Size of the pit lane - i.e. a roval or a 1960s-era road course? If you are dealing with 40-foot pit boxes rules don't need to be as strict as when dealing with Summit Point-sized boxes. In the former, staging equipment and crew is less dangerous than in the cramped confines of Summit Point.
What kind of barrier is there between the pitlane and the crew staging area? Is it a concrete wall (ala rovals/professional courses) that will keep burning fuel from getting into the staging area or is it a single strand of armco (see Summit Point) that would allow burning fuel to run into the area normally used for gridding cars (and where teams are staged for the enduro)?

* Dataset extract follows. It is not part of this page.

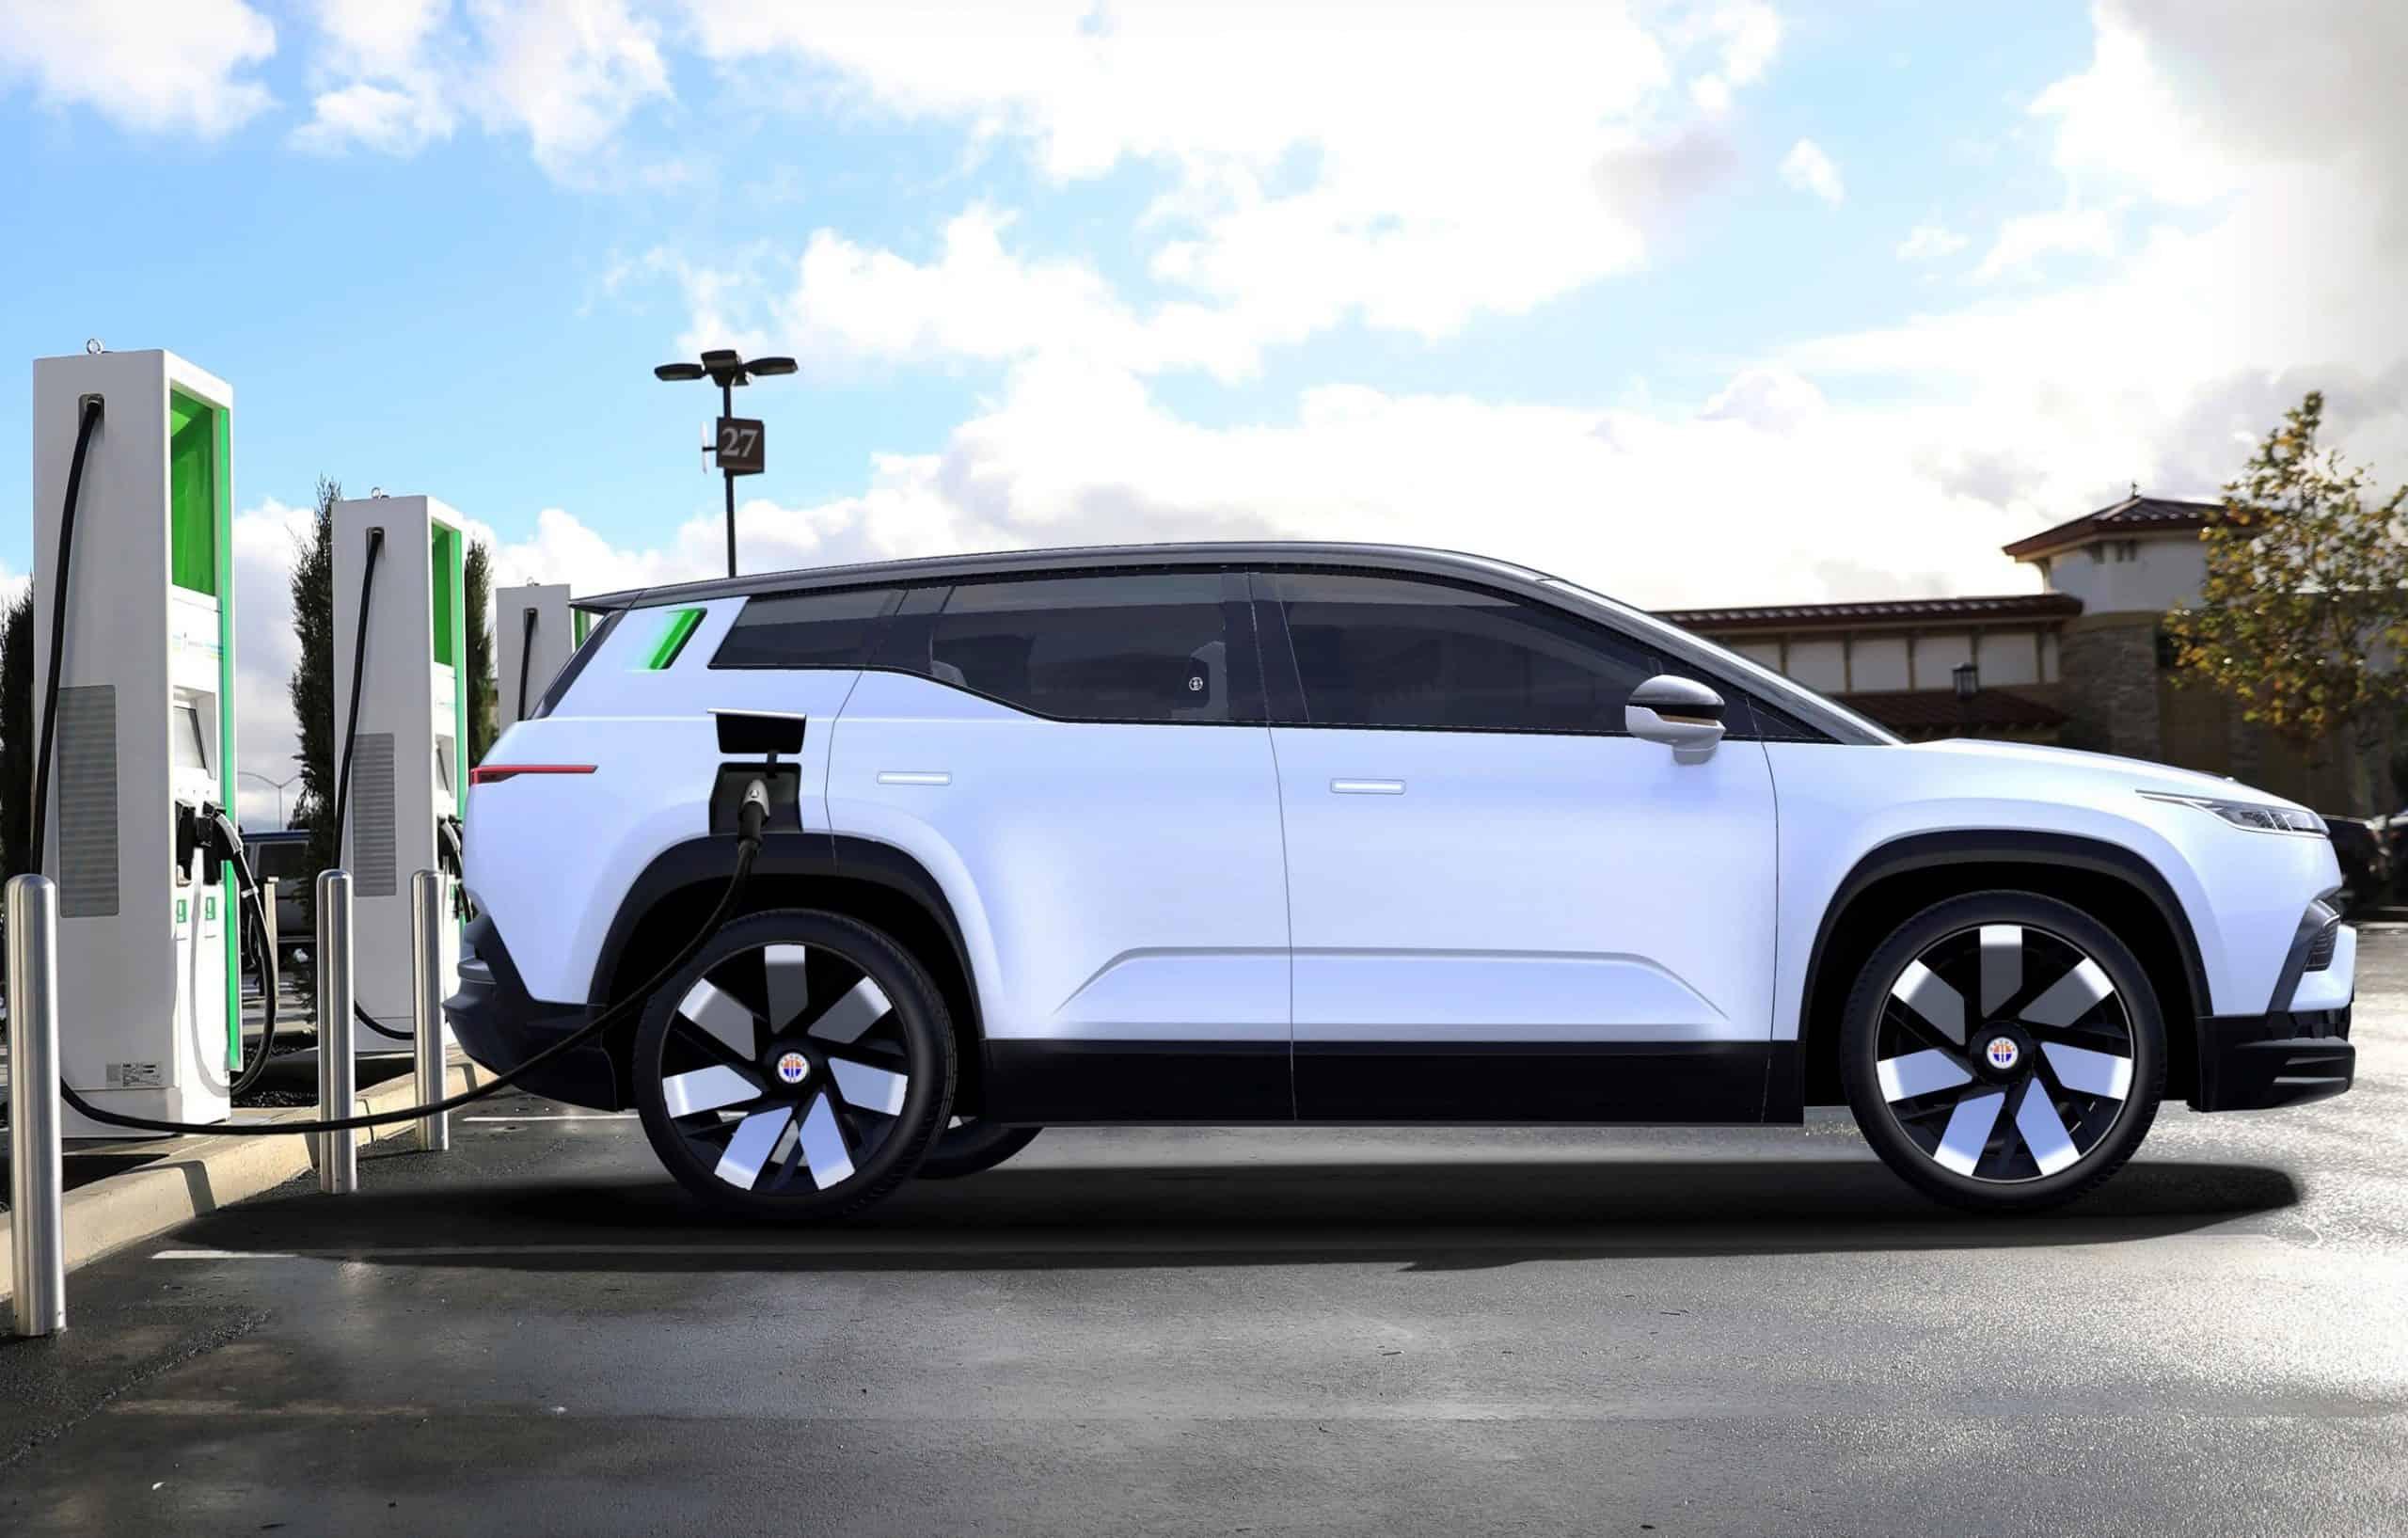 www.autoconnectedcar.com

We have managed to cram 70 cars into a pit lane that is very short and has very small pit boxes. And then with the same set of rules went and ran at places like daytona, Homestead ect with huge pit lanes and pit boxes.
As far as the barrier thing, whats your point? No matter WHAT your rules are people can still spill fuel and start a fire. Make fuel spills a BIG penalty, beyond that you can't do anything really.
You are trying to fix/make it hard for people to screw up. And you can't do that.
I have done more then 45 fuel stops with a regular old 5 gallon gas can never have spilt ANY fuel doing it. Yet dry break systems have been shown to fail and fires can start.